Noise images for the experiment were created by combining dark blobs at random spatial positions. The randomly positioned blobs were two-dimensional Gaussian distributions with three different spatial standard deviations, resulting in three different blob sizes. Furthermore, the number of randomly positioned blobs varied inversely with their size. These three spatial scales were combined to create 480 different noise images that were 480 x 480 pixels in size. As viewed, these images subtended 14 deg. of visual angle horizontally and vertically. The same 480 noise images were used for all observers in all experiments except for the addition of an overlaid oval in Experiment 3. An additional 120 noise images were created for training.

PURE NOISE Random numbers can't be generated by a computer because all formulas for randomness executed by a machine are determinist, periodic and repeatable. These computer numbers are Pseudo-random numbers. True random number generators are based on a naturally occurring source such as the radioactive decay of an isotope or atmospheric noise interfaced with a computer. As far as science is capable of explaining these natural phenomena, at the moment of this writing, there is no discernible pattern in them. When scientists need a truly random set of numbers they rely on an interface with nature. Hardcore determinists dispute this arguing that everything is following a pattern since the Big Bang and humans have yet to figure out how to measure this behavior.
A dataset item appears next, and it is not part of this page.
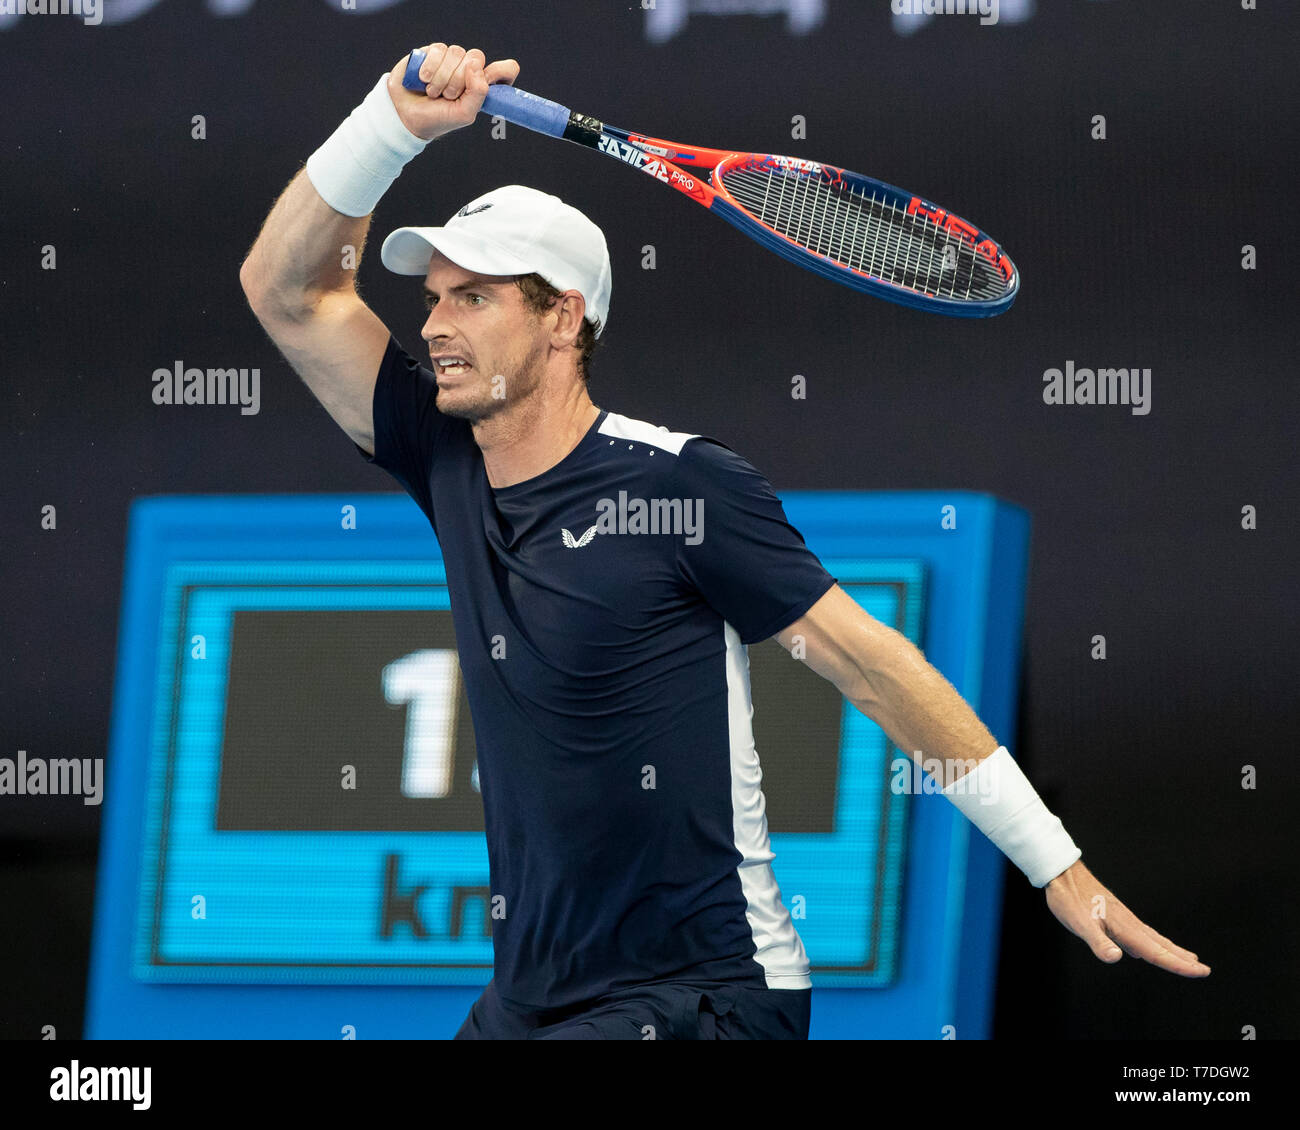 British tennis player Andy Murray playing during Australian Open 2019 tournament, Melbourne Park, Melbourne, Victoria, Australia Stock Photo - Alamy

Budgen, L.M.; Live Coals; or, Faces from the Fire. L. Reeve & Co., London, 1967. 
Didi-Huberman, G.; Confronting Images: Questioning the Ends of a Certain History of Art. The Pennsylvania State University Press, University Park, 2005. 
Gombrich, E. H.; Art and Illusion: A Study in the Psychology of Pictorial Representation. Prince- ton University Press, Princeton, 1960. 
Michell, J.; Simulacra: Faces and Figures in Nature. Thames and Hudson Ltd, London, 1979.